Whenever someone had a toilet put in, a message would be sent for my grandmother to go and give a lesson. For many people, a toilet remained a long time as something they stared at. My grandmother was to be remembered for many achievements, from campaigning for in-school vaccinations to raising money to buy prosthetics for veterans of the World War, but in the Beale Street area of Raleigh she lives in the memory of an old few as the first woman anybody knew with the courage not only to possess a toilet but to use it.
She developed a fantastic trade, with sick people coming forth like the loaves and the fishes, putting one real doctor in such danger of losing patients that he sent her a nice note and a ten-dollar bill.

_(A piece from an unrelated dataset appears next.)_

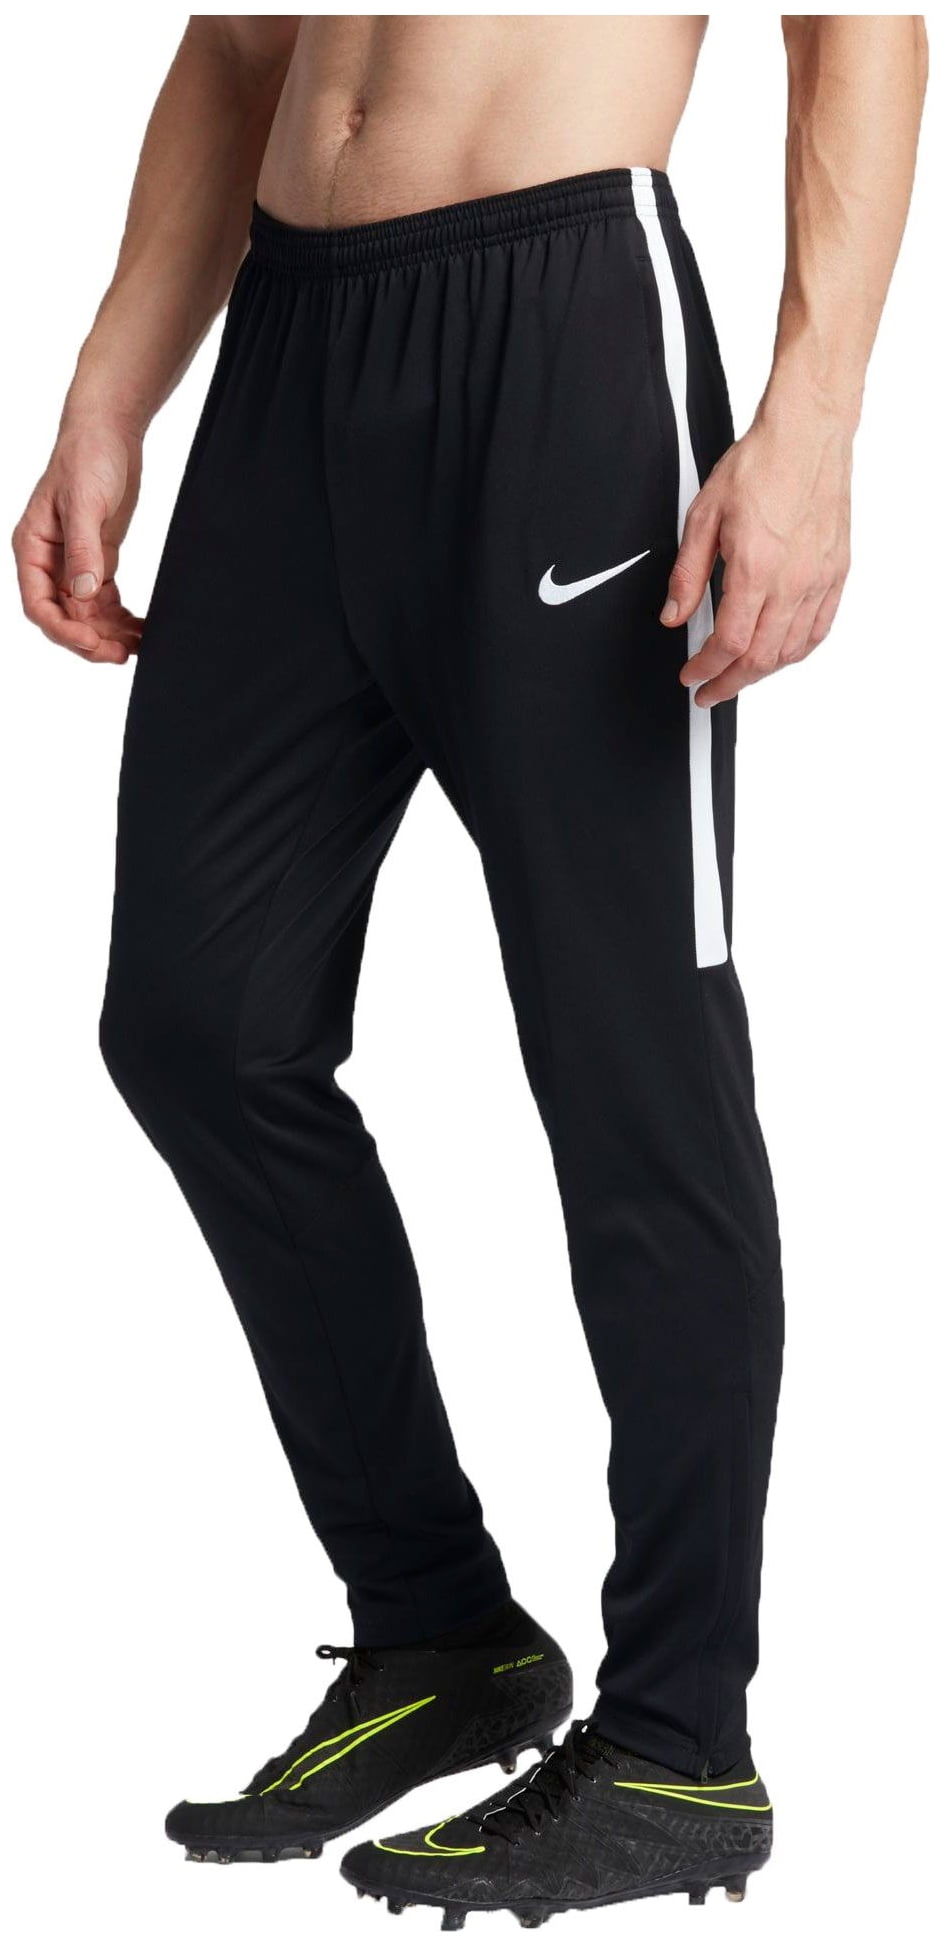 nike : men's dry soccer training pants black, white (large, black, black, white, white) -

This only encouraged her. She put the word out that she knew how to fix teeth, even though she did not. What she knew was that everybody in 1910 needed this done, and once they were at the house, she inquired after their other ailments and cured what she knew how to cure, and astounded people into forgetting about their teeth. When she finally branched out into dentistry, she did so because, as she said, it was easy money. Her instruments were needle-nose pliers and a wrench, both ordered from Sears, Roebuck, her anesthesia was chloroform ordered from a veterinary supply firm, and her technique came straight from
Dr. John C. Gunn’s Domestic Medicine: The Poor Man’s Friend in the House of Affliction, Pain and Sickness.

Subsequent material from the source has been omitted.